Segment Start: Dataset content

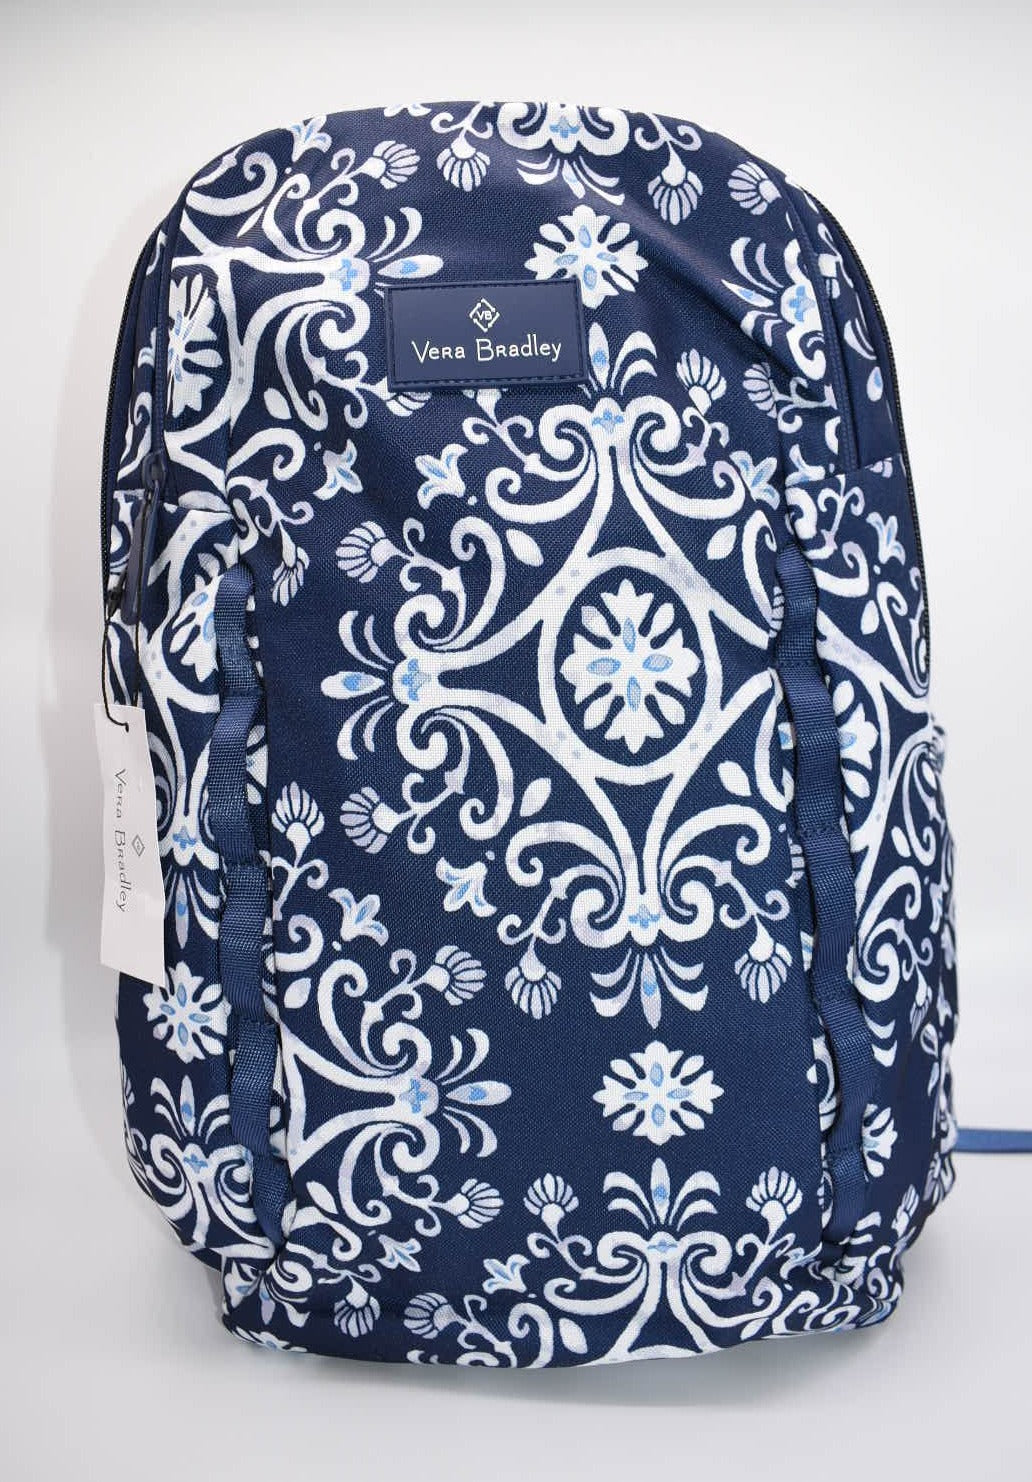 Vera Bradley Lighten Up Sporty Backpack in "Steel Blue Medallion" Pattern
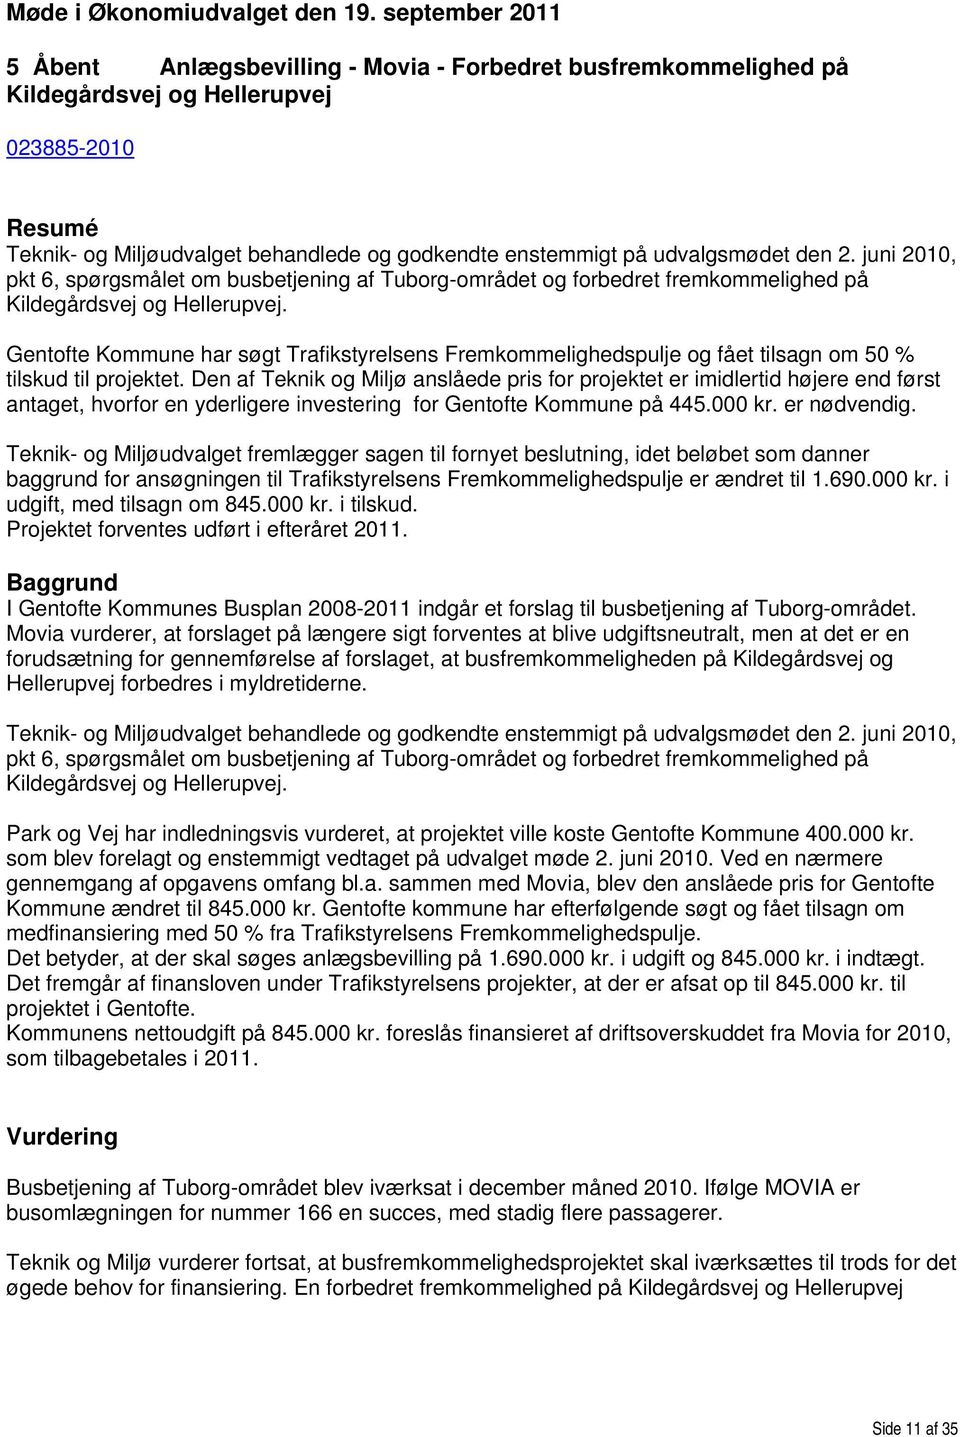 udvalgsmødet den 2. juni 2010, pkt 6, spørgsmålet om busbetjening af Tuborg-området og forbedret fremkommelighed på Kildegårdsvej og Hellerupvej.
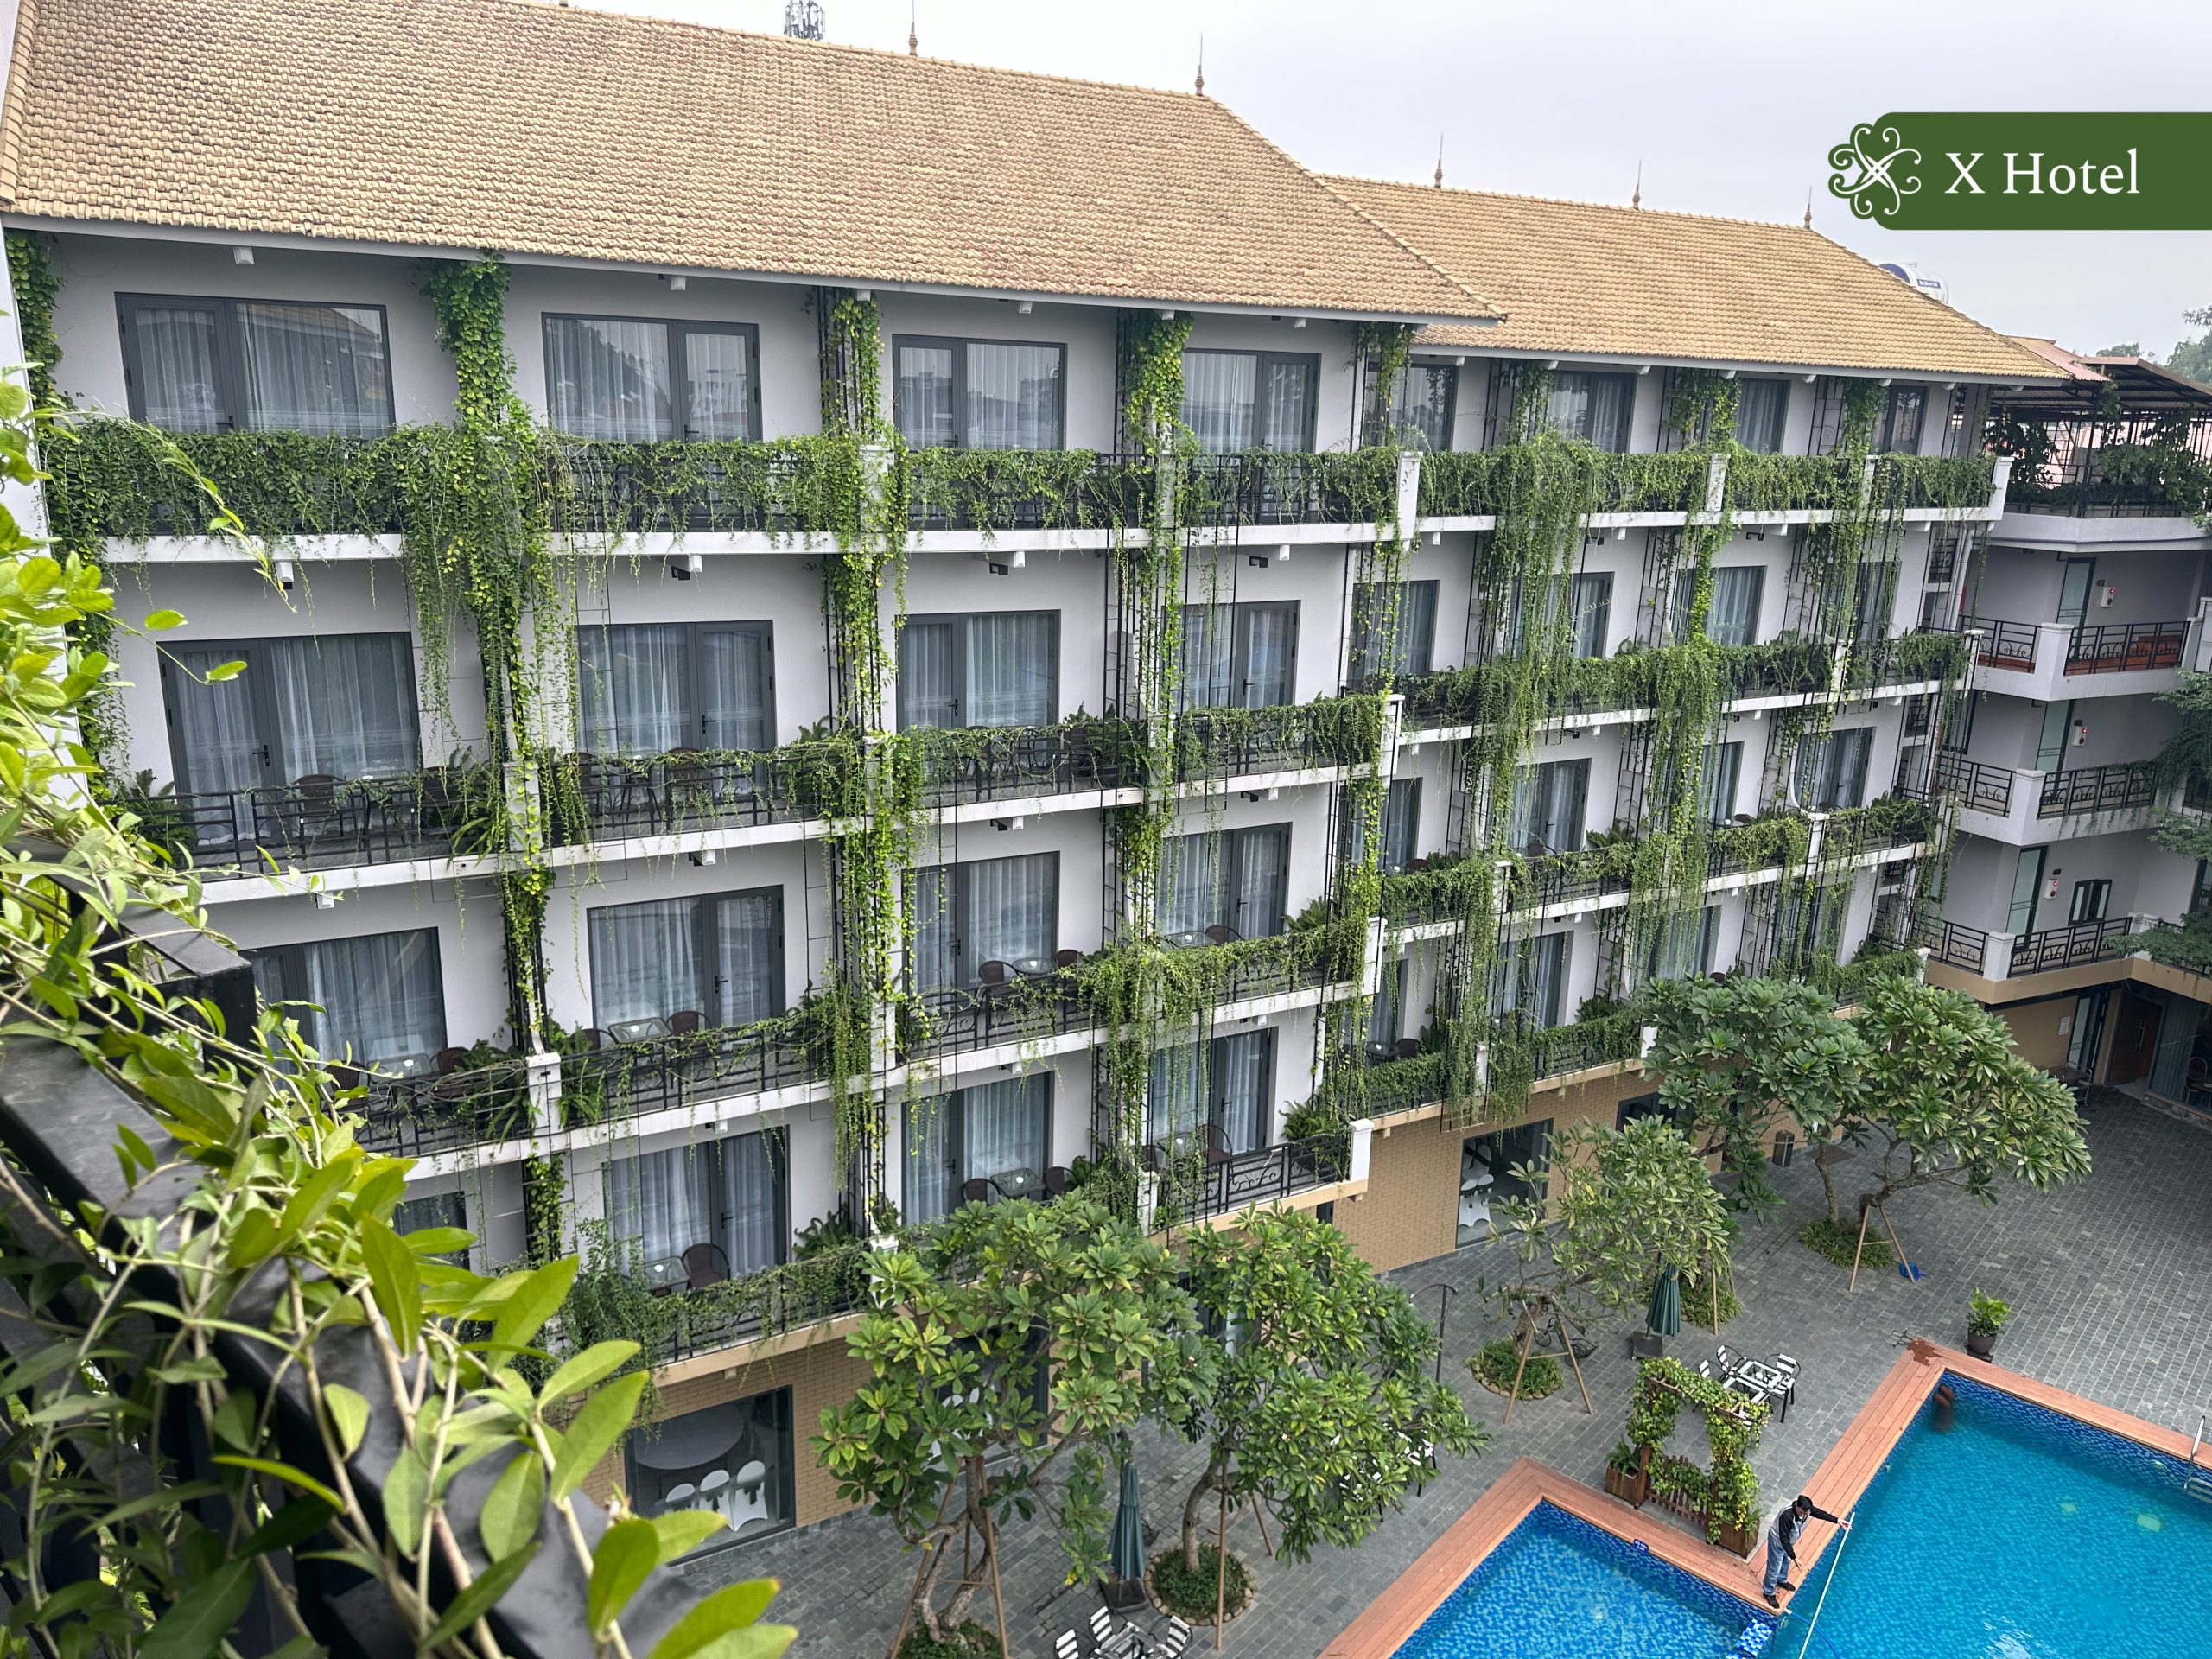 Đặt phòng khách sạn Thái Nguyên X Hotel sở hữu kiến trúc xanh độc đáo

Segment End: Dataset content

● **Work request**
All that is required is an exact reproduction of the lines from the one containing "udvalgsmødet den 2." to the final line of the listing above, pictures omitted.

● **Exercise response**
 udvalgsmødet den 2. juni 2010, pkt 6, spørgsmålet om busbetjening af Tuborg-området og forbedret fremkommelighed på Kildegårdsvej og Hellerupvej.
 Đặt phòng khách sạn Thái Nguyên X Hotel sở hữu kiến trúc xanh độc đáo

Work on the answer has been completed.